### EXERCISE DESCRIPTION:
Take nothing but the lines from the one with "Custom Made Black" through the one with "Nicole Spiller Nude Photos 1" in the entries below, both ends kept, and return them exactly with pictures left out.

### RECORDS FOR PROCESSING:
----------------------------------------

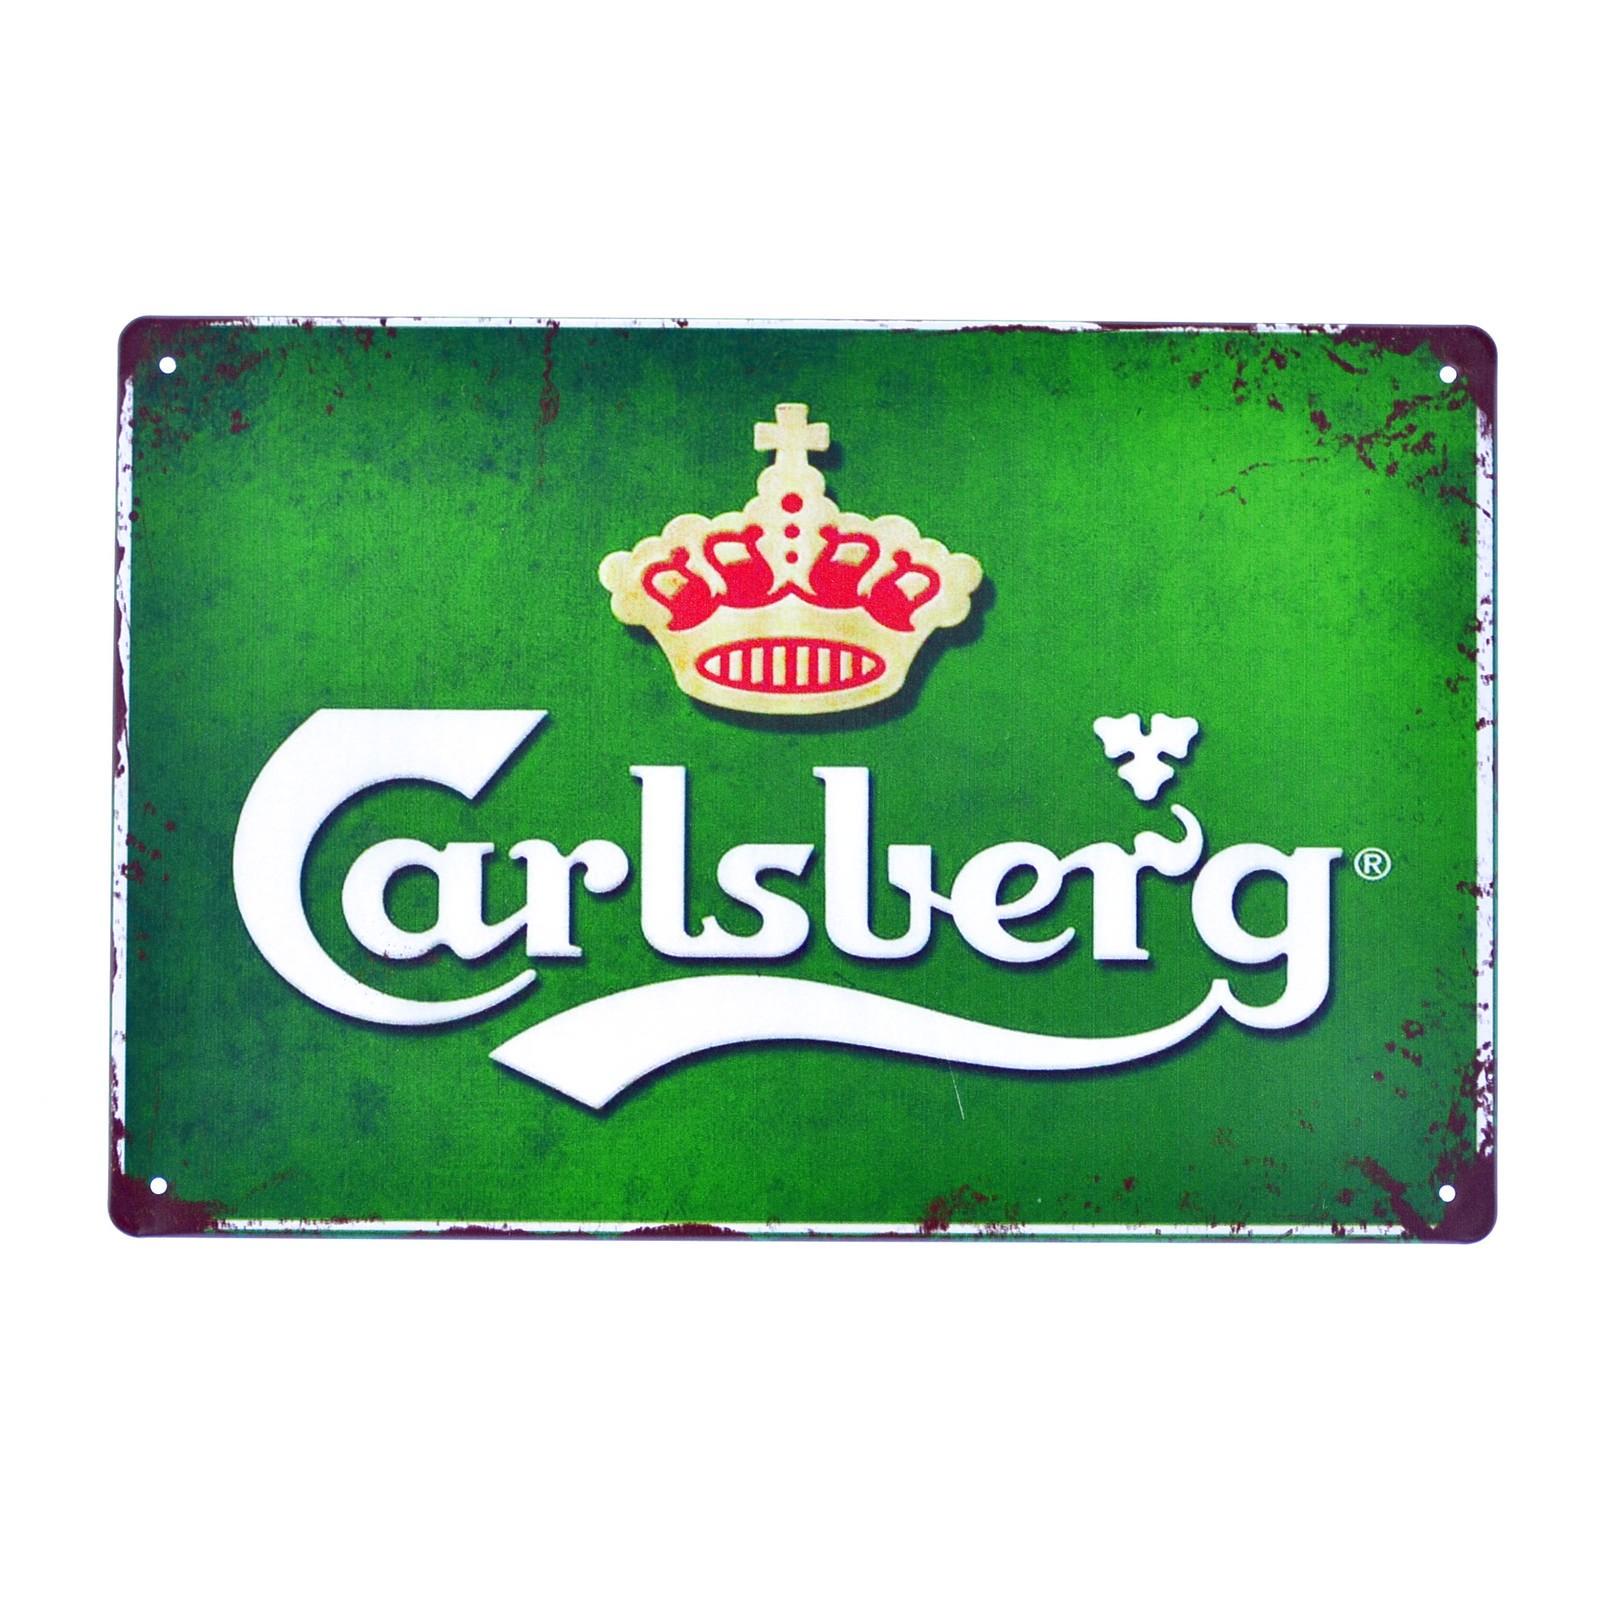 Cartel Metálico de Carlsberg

----------------------------------------

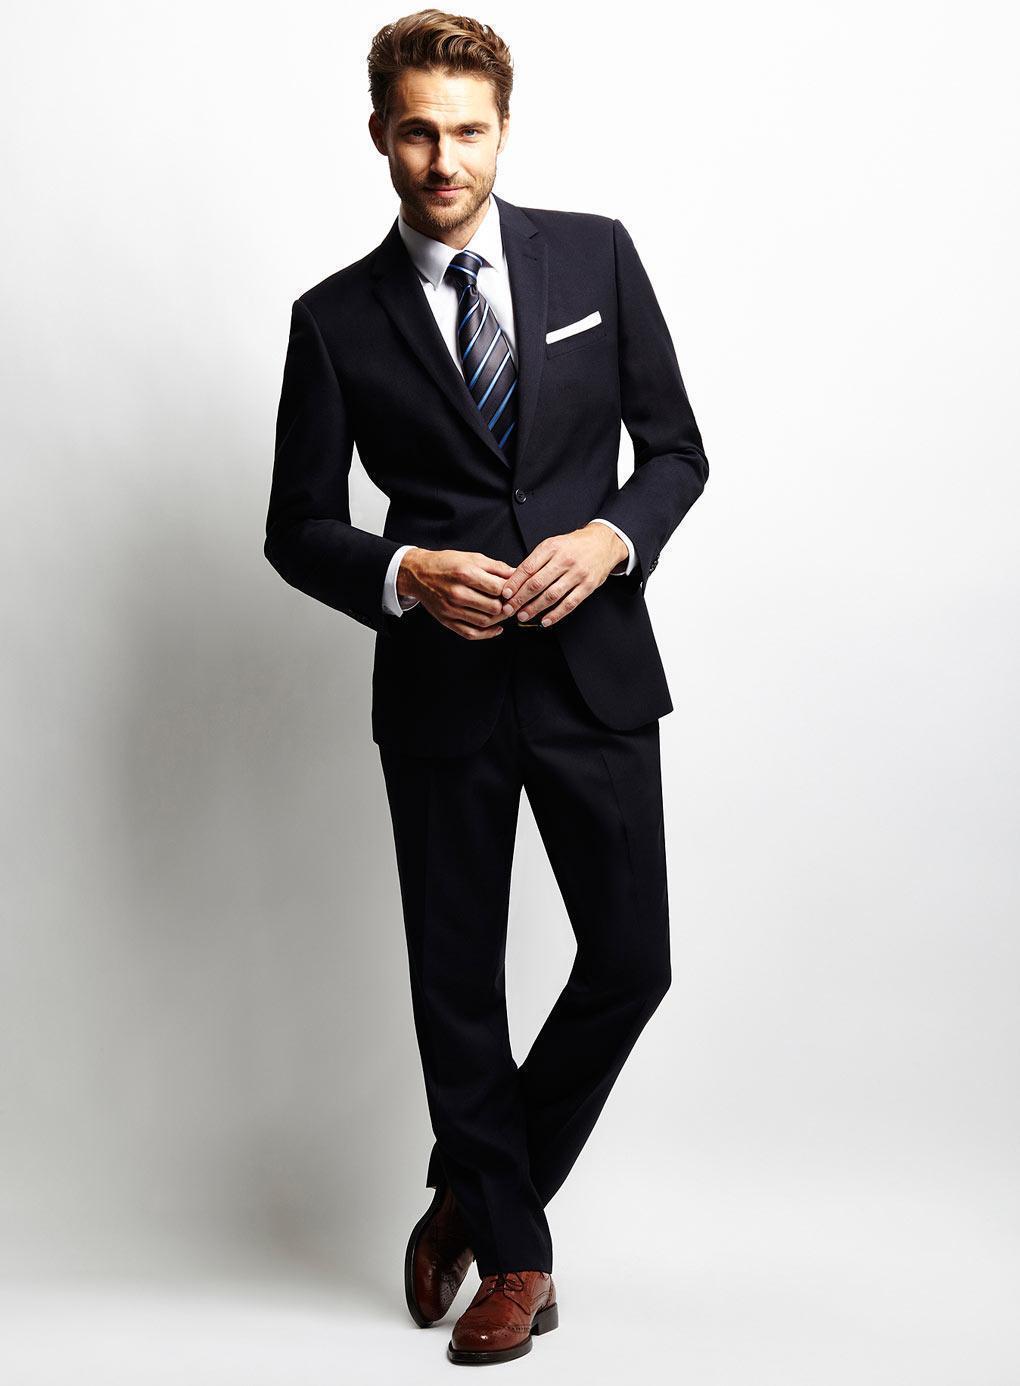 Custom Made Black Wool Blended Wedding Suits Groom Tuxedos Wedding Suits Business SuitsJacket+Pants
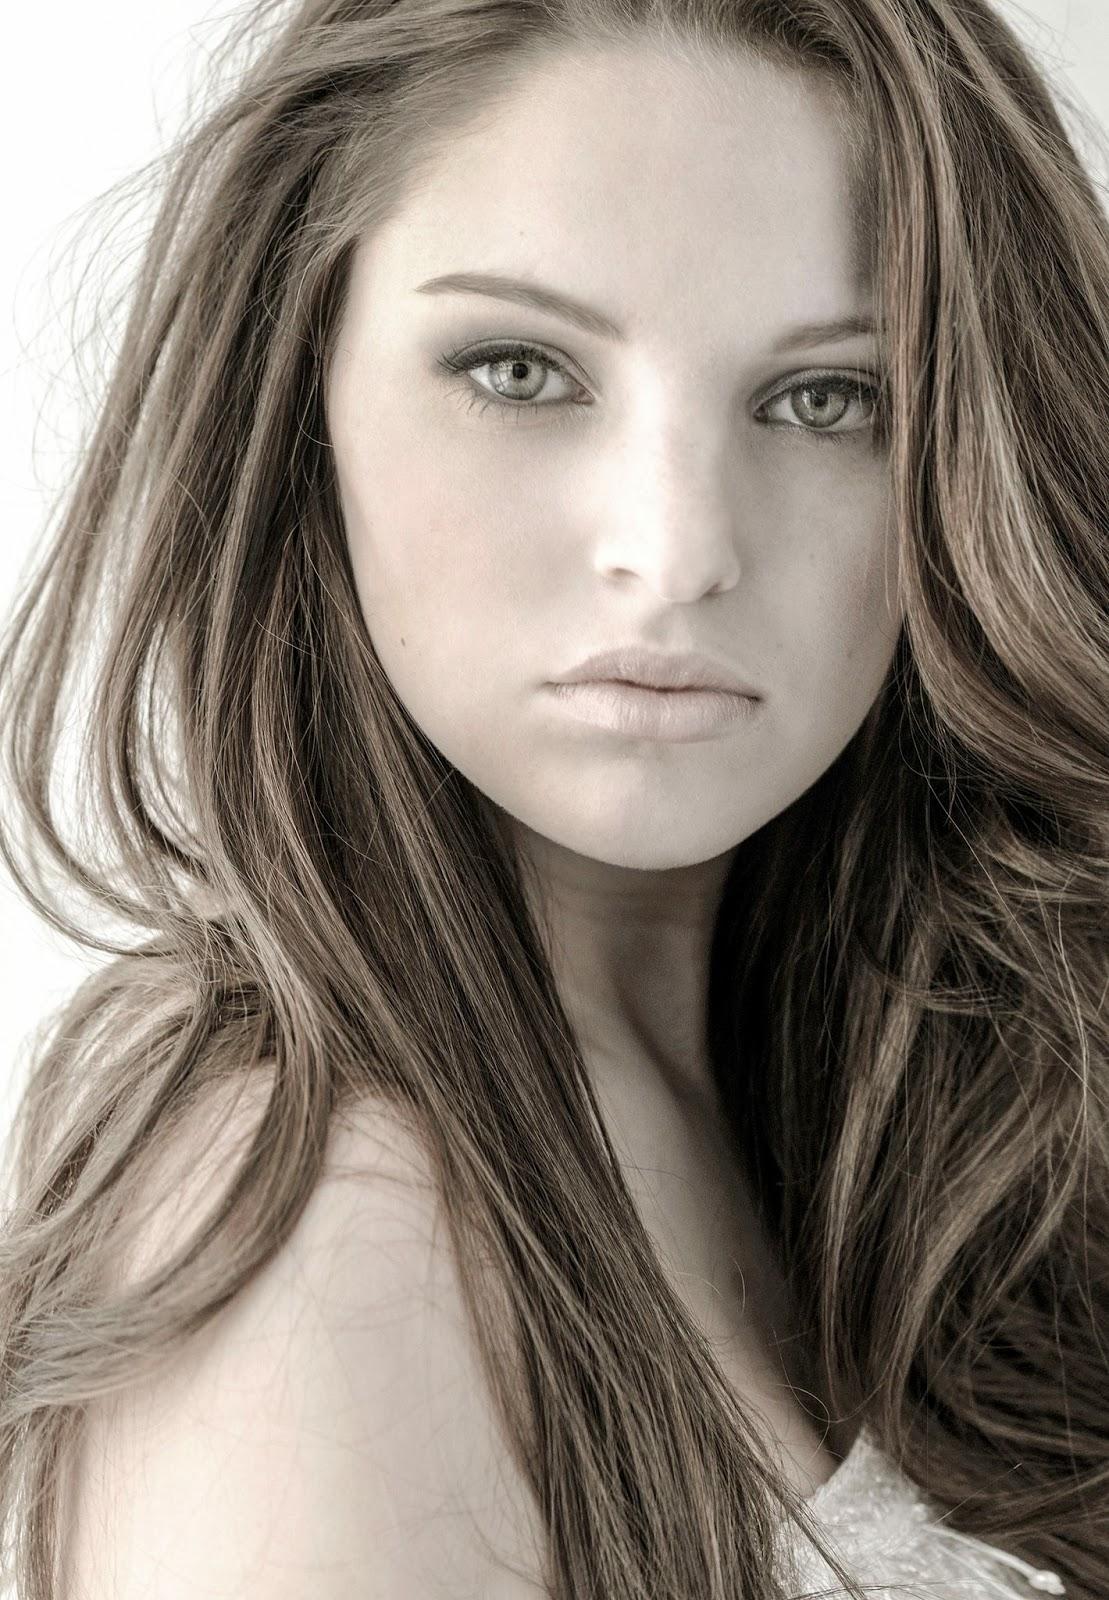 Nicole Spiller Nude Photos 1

----------------------------------------

### EXERCISE ANSWER:
 Custom Made Black Wool Blended Wedding Suits Groom Tuxedos Wedding Suits Business SuitsJacket+Pants
 Nicole Spiller Nude Photos 1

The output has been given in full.